En effet, de tels rapprochements « anachroniques » sont fatalement partiaux. Bernard Lahire repère ainsi chez Balzac des schèmes de pensée puissants, très bourdieusiens, mais qui prêtent le flanc aux critiques formulées dans L’Homme pluriel contre la sociologie de Bourdieu. Mais Jacques-David Ebguy trouve au contraire dans Balzac une exploration typiquement « lahirienne » des dissonances de l’acteur social. Le dialogue entre littérature et sociologie se double, on le voit, d’une confrontation entre deux sociologies, et entre deux Balzac.

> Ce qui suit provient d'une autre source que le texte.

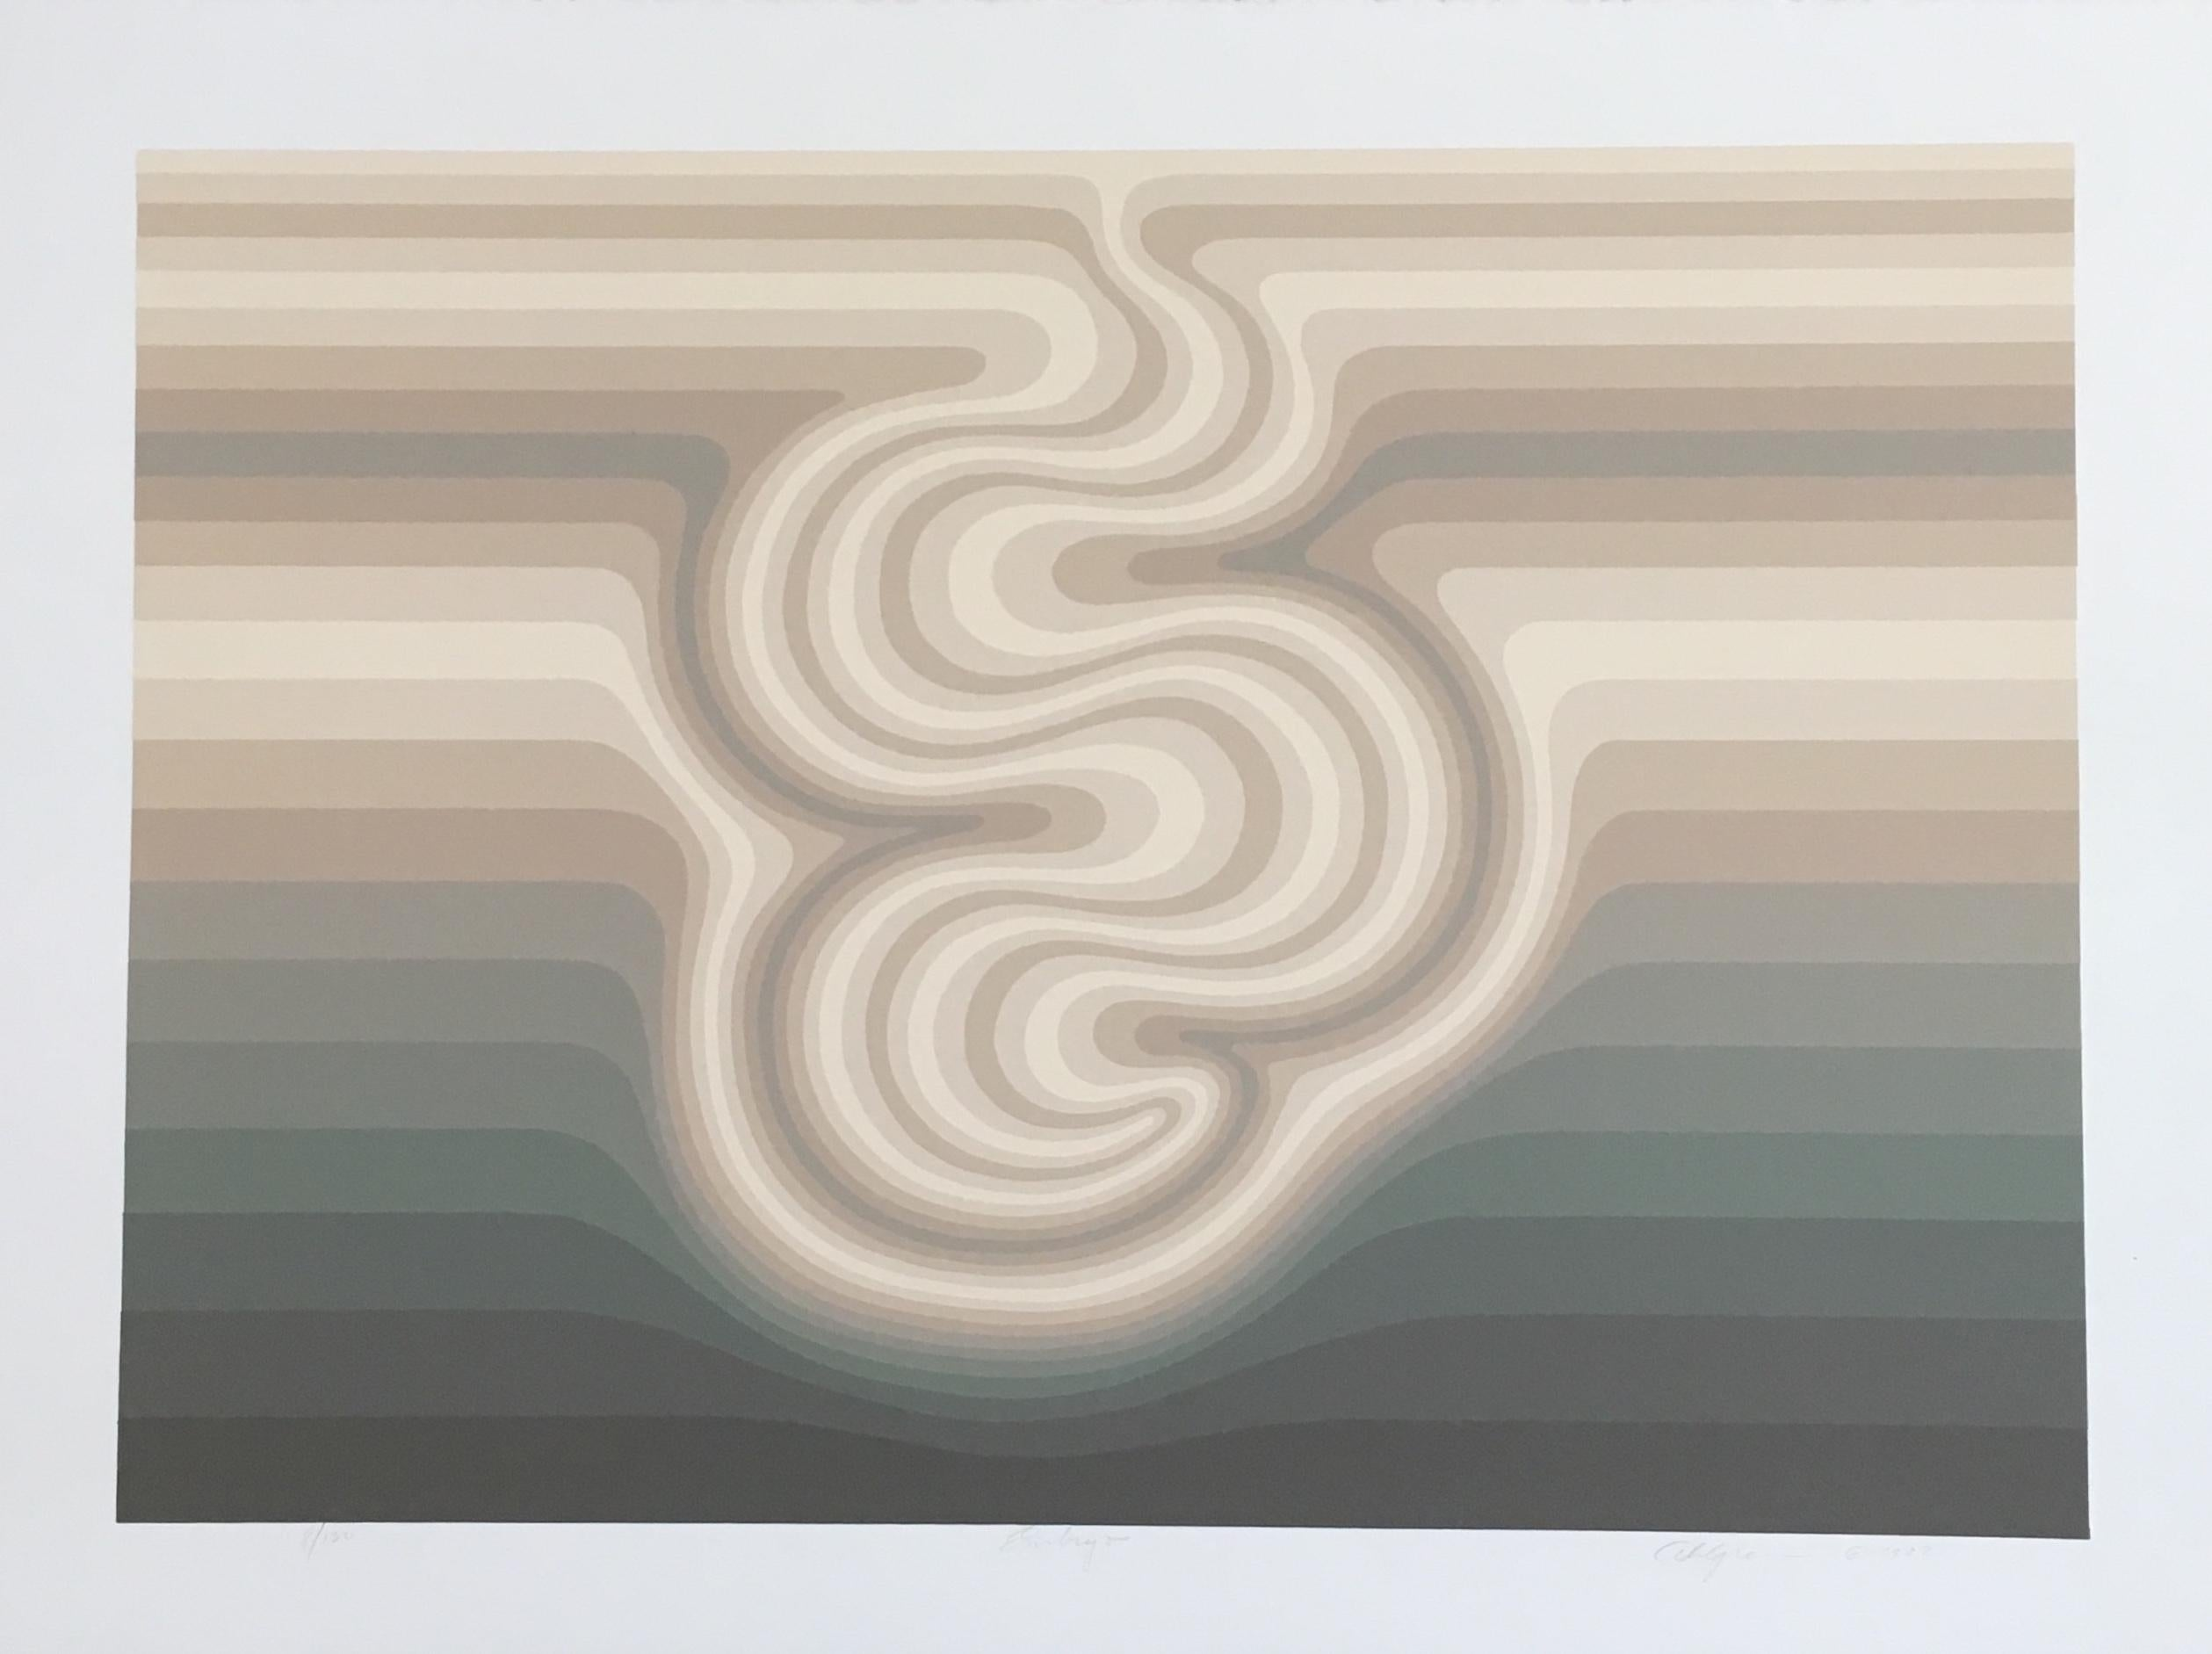 Roy Ahlgren 'Embryo' Signed Limited Edition Op-Art Serigraph Print

Cet ouvrage donne donc à penser, sur la pensée et la poétique de Balzac bien sûr, mais aussi sur ces difficultés de méthode et de théorie, que chaque article négocie à sa manière : peut-on lire un Balzac « sociologue » sans effacer la différence entre littérature et sociologie ? Doit-on se contenter d’historiciser le discours balzacien en le replaçant dans le moment « pré-sociologique », ou peut-on lui accorder une valeur de vérité, voire un statut de « précurseur » de la sociologie ? La littérature entretient-elle les mêmes relations avec les savoirs quand ceux-ci relèvent des sciences sociales et non des sciences de la nature ? Le dialogue entre les deux disciplines s’avère riche de questions autant que de réponses.